→ **ASSIGNMENT**
Take the lines below from the one with "Según informó hoy" through the one with "Fritz Hug riskierte" and print only them, exactly. Don't print the pictures.

RECORDS SHOWN section start

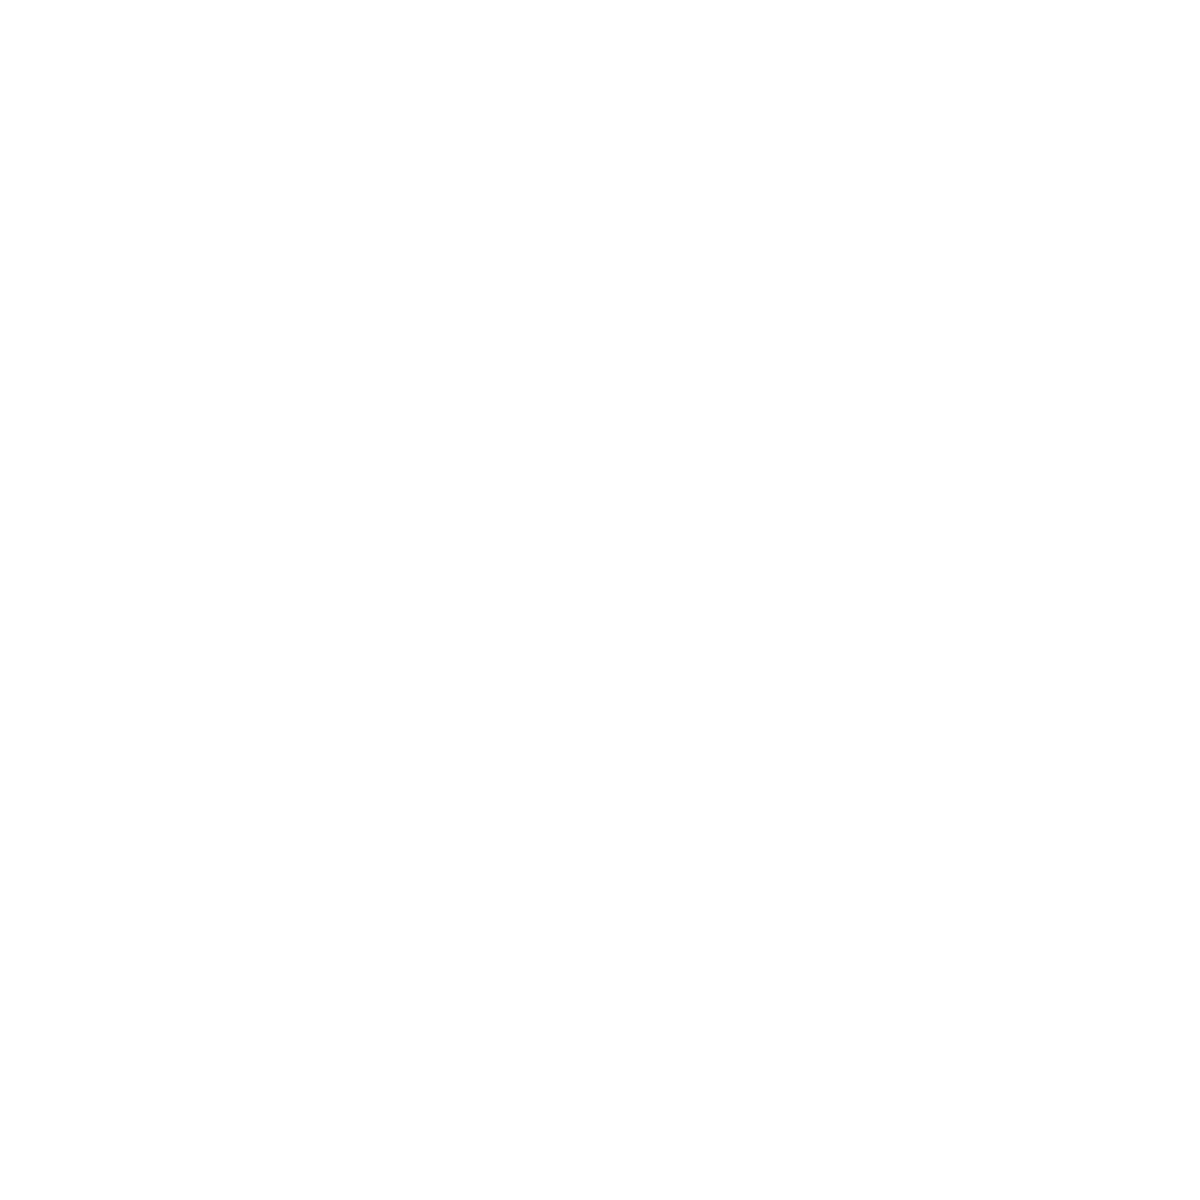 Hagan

RECORDS SHOWN section end
RECORDS SHOWN section start

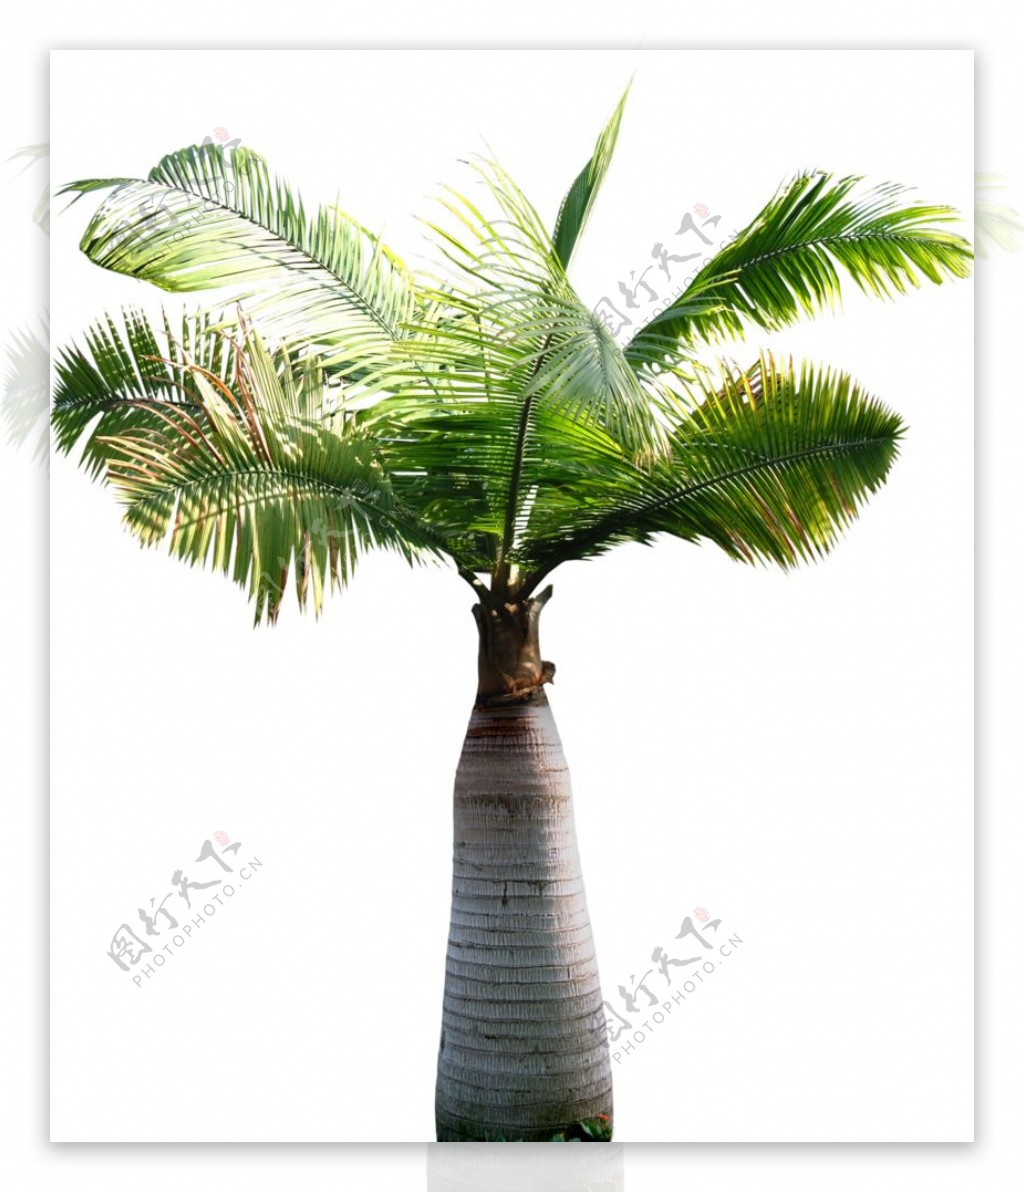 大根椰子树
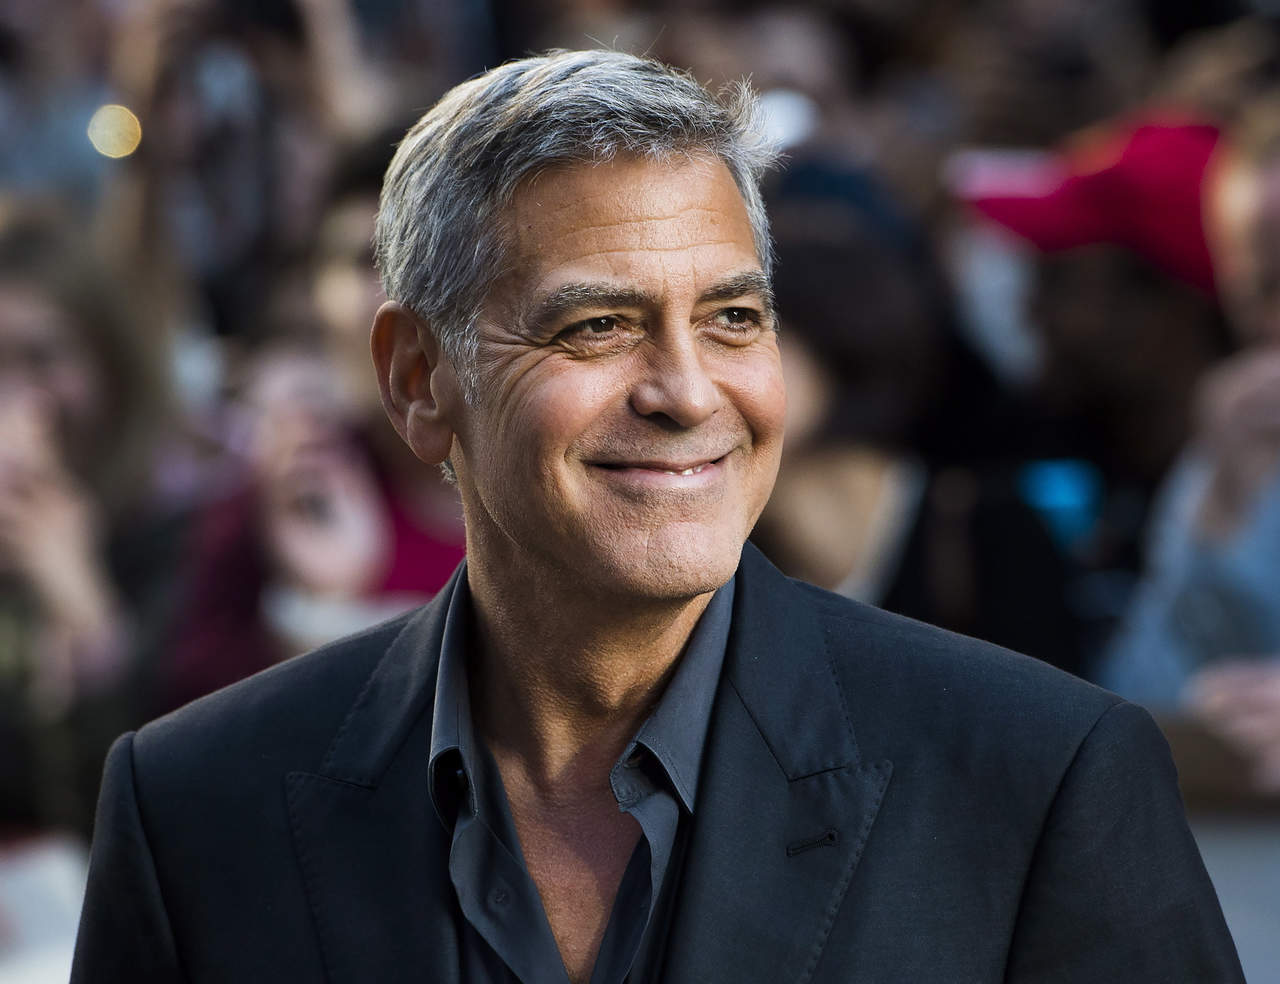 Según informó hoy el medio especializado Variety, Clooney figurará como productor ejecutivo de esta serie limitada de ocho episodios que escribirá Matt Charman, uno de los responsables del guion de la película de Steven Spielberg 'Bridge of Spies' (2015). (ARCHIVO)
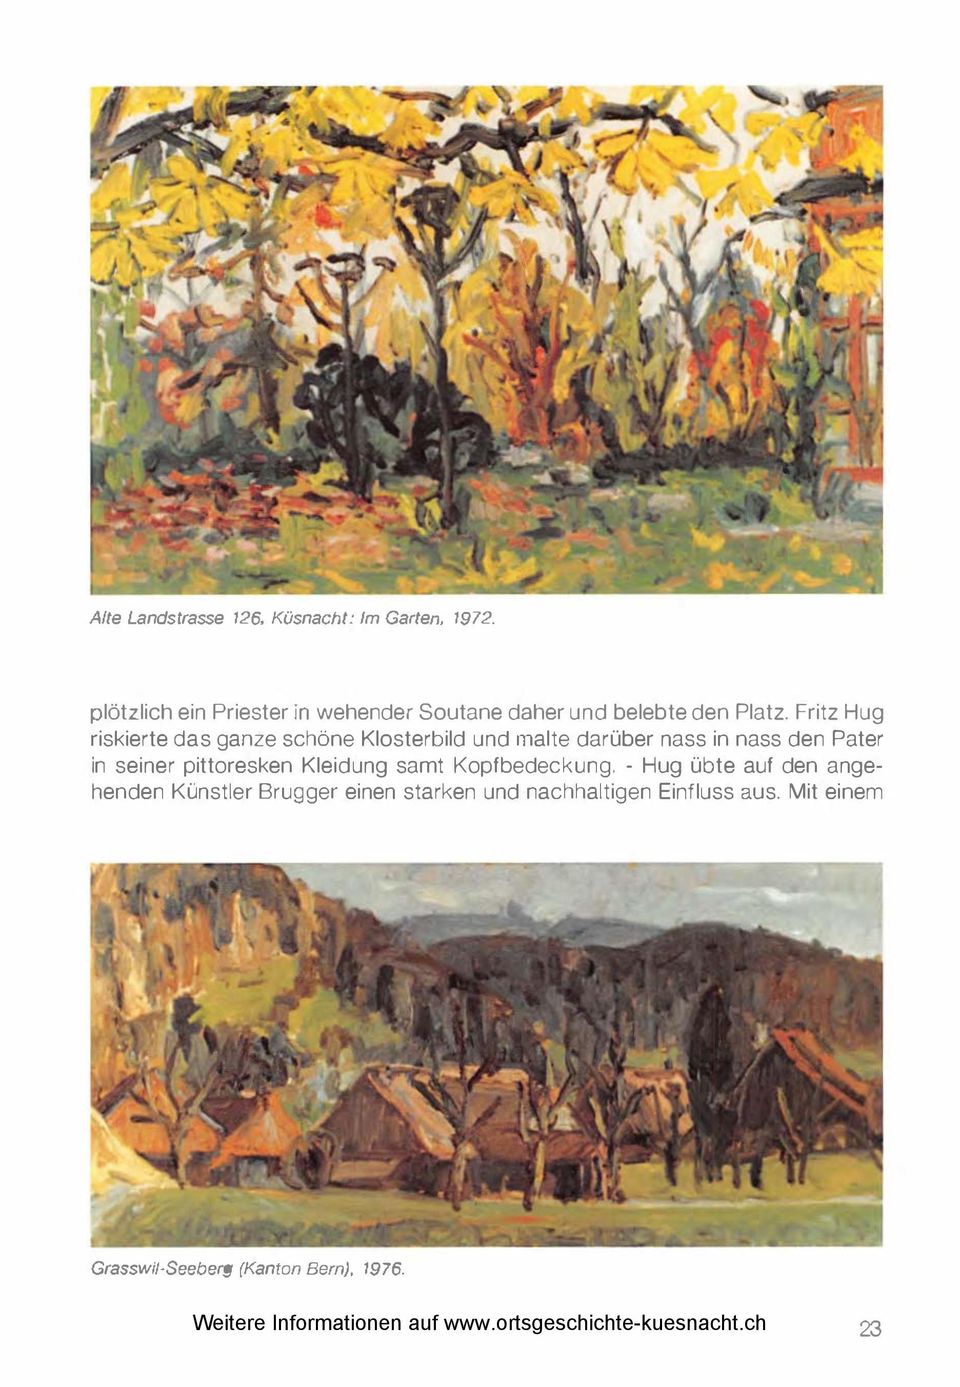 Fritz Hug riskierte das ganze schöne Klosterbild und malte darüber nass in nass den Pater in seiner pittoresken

RECORDS SHOWN section end

→ **WRITTEN SOLUTION**
 Según informó hoy el medio especializado Variety, Clooney figurará como productor ejecutivo de esta serie limitada de ocho episodios que escribirá Matt Charman, uno de los responsables del guion de la película de Steven Spielberg 'Bridge of Spies' (2015). (ARCHIVO)
 Fritz Hug riskierte das ganze schöne Klosterbild und malte darüber nass in nass den Pater in seiner pittoresken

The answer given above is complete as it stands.